• Stored data entries:
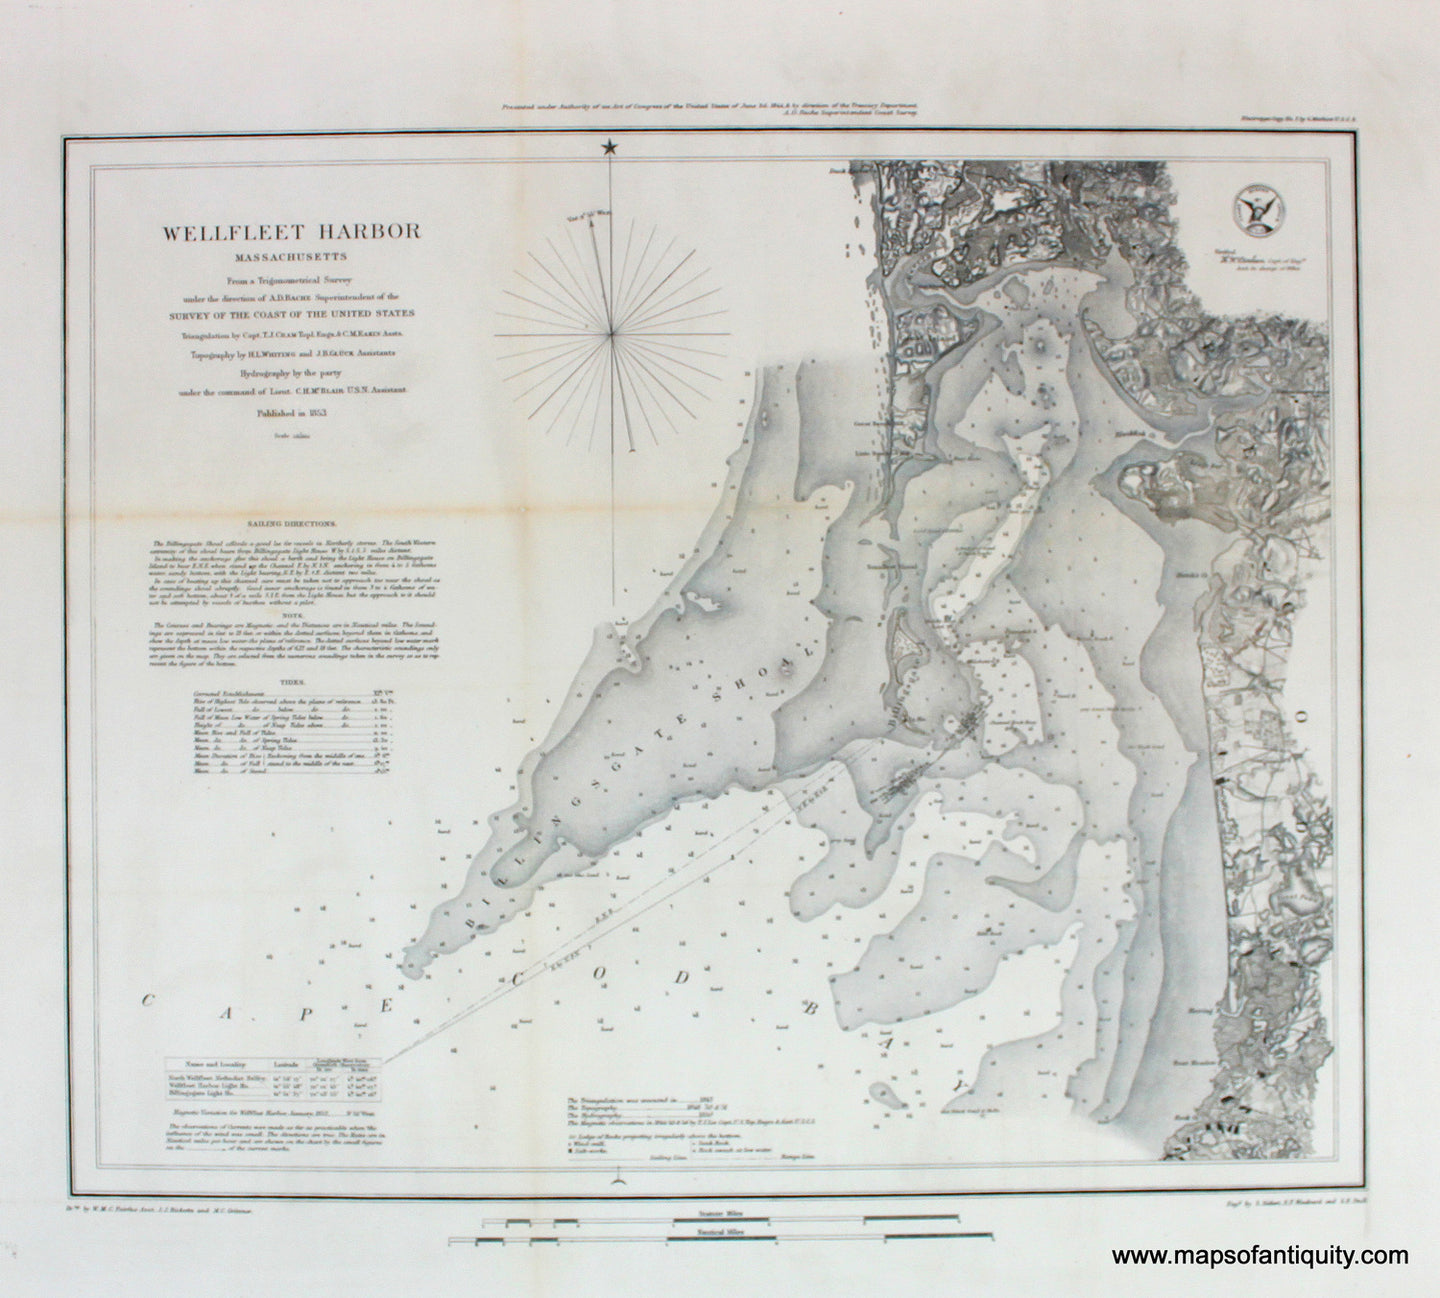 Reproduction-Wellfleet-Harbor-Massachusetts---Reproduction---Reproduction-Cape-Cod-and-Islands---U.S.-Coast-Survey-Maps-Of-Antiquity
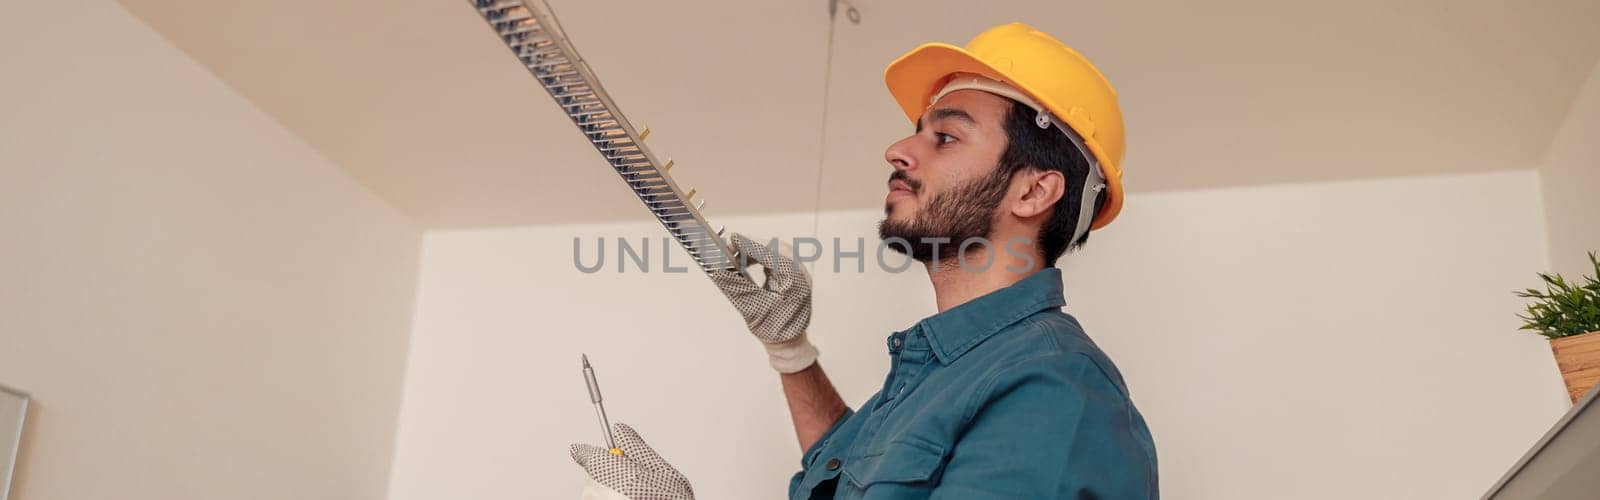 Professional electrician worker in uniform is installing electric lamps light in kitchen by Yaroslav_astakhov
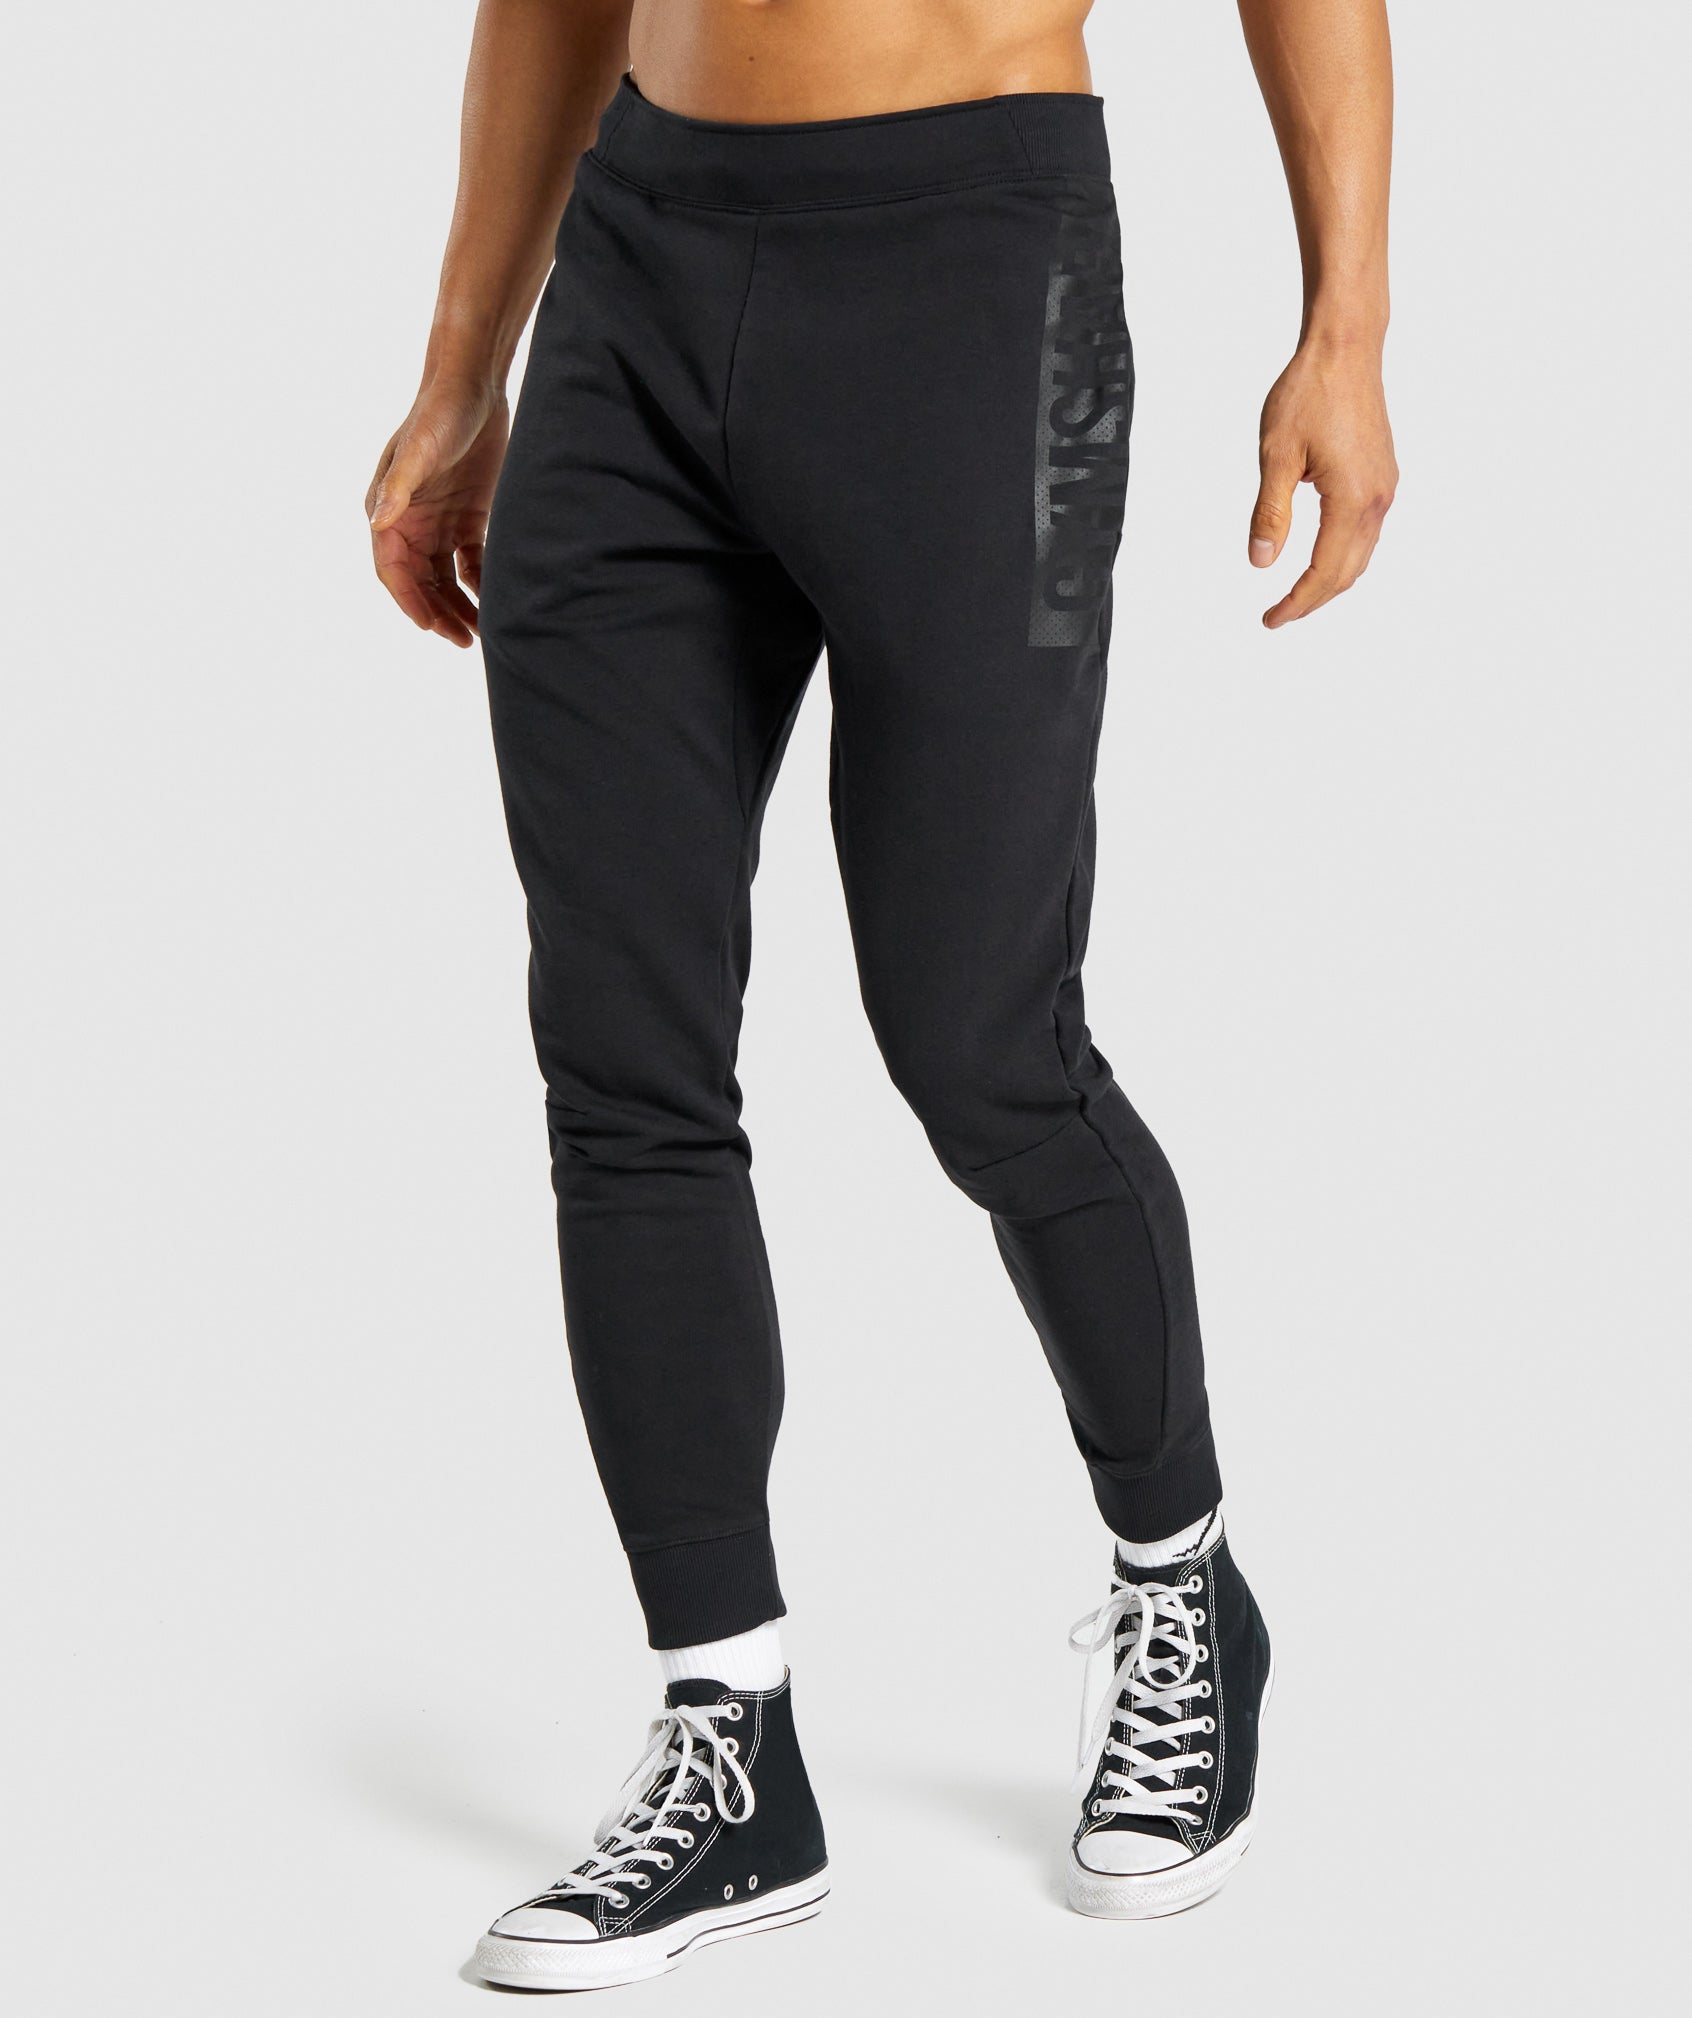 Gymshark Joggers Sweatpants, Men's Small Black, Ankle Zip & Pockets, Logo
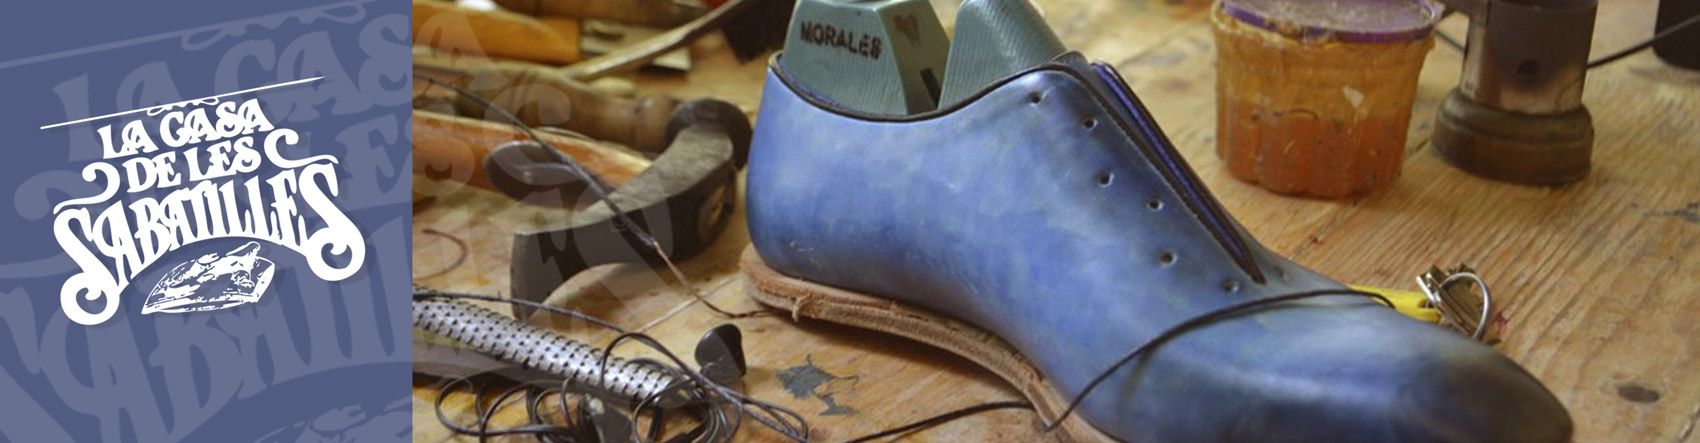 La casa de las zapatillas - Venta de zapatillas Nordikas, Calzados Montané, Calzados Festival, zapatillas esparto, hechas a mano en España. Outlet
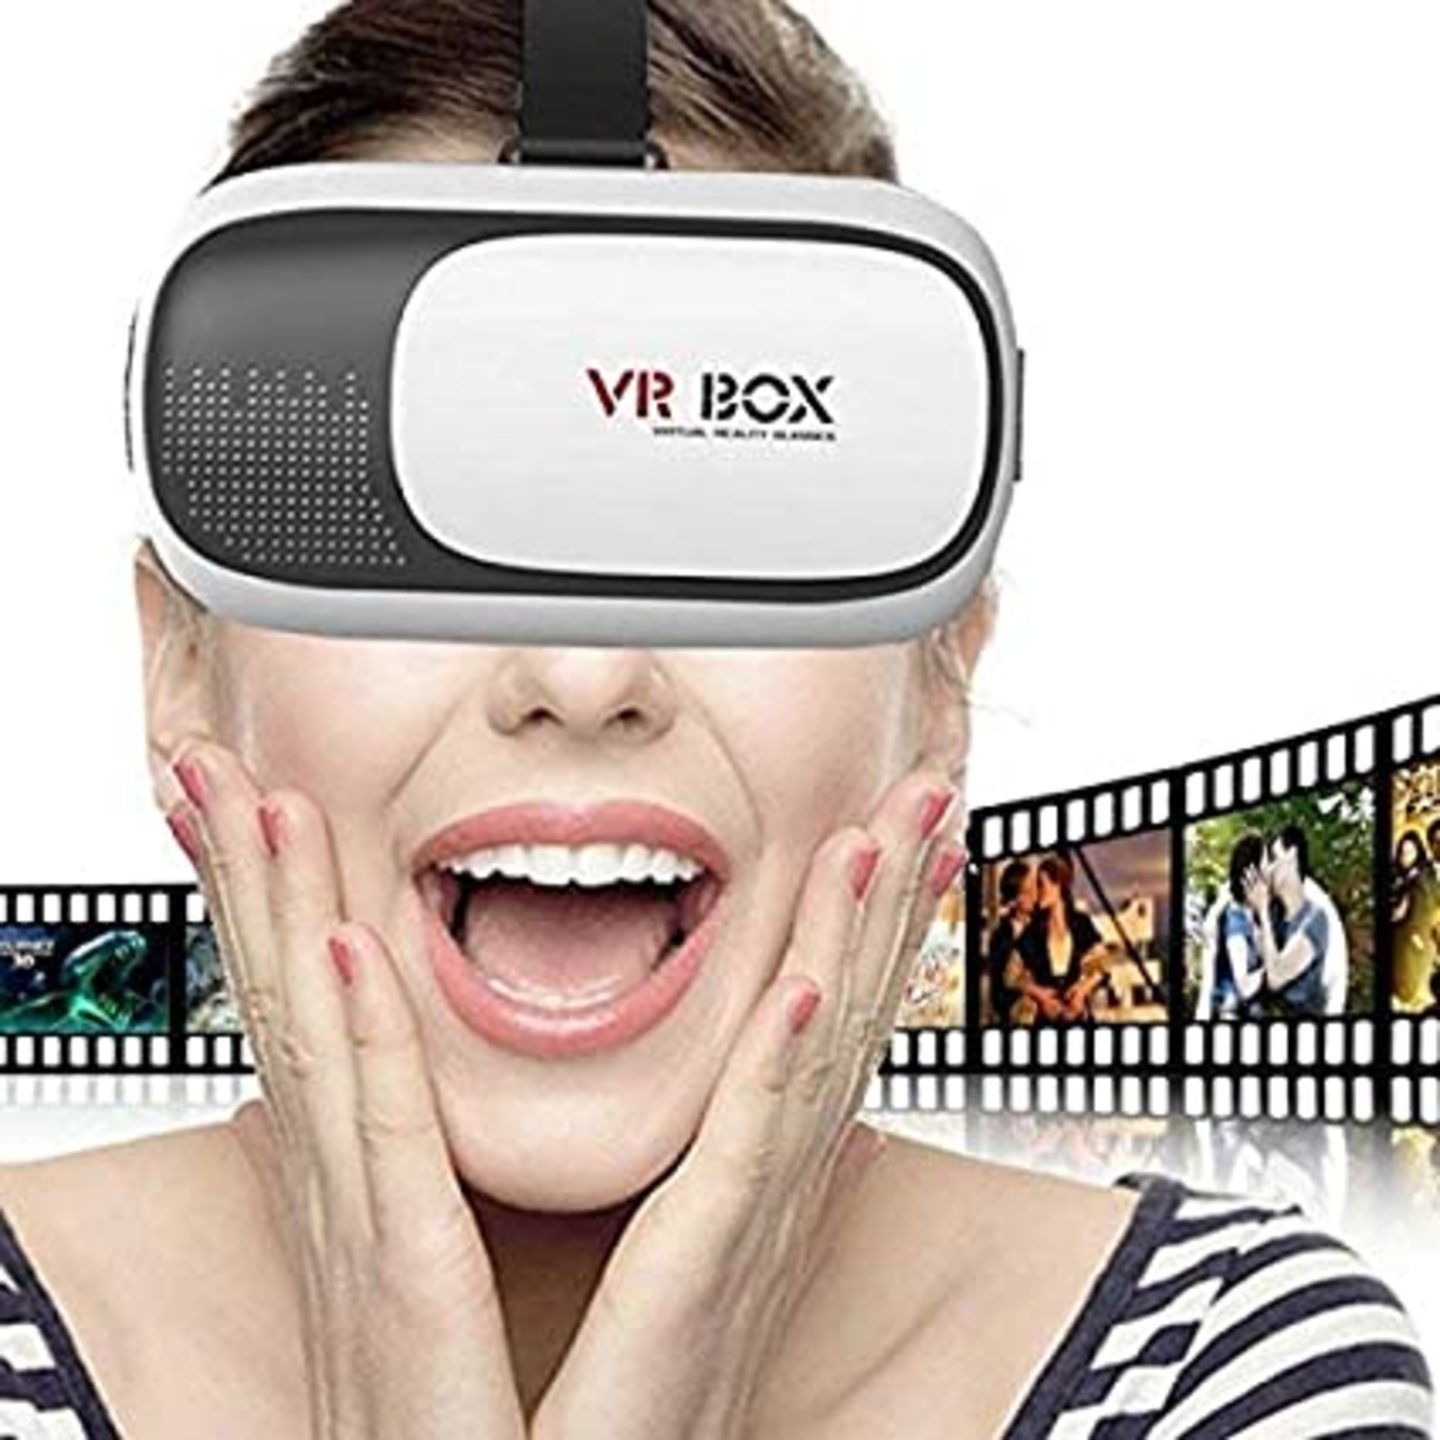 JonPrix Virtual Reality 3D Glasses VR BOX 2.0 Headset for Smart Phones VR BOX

• What you have to do:
For this exercise, return every entry verbatim and omit all pictures.

• Result below:
 Reproduction-Wellfleet-Harbor-Massachusetts---Reproduction---Reproduction-Cape-Cod-and-Islands---U.S.-Coast-Survey-Maps-Of-Antiquity
 Professional electrician worker in uniform is installing electric lamps light in kitchen by Yaroslav_astakhov
 Gymshark Joggers Sweatpants, Men's Small Black, Ankle Zip & Pockets, Logo
 La casa de las zapatillas - Venta de zapatillas Nordikas, Calzados Montané, Calzados Festival, zapatillas esparto, hechas a mano en España. Outlet
 JonPrix Virtual Reality 3D Glasses VR BOX 2.0 Headset for Smart Phones VR BOX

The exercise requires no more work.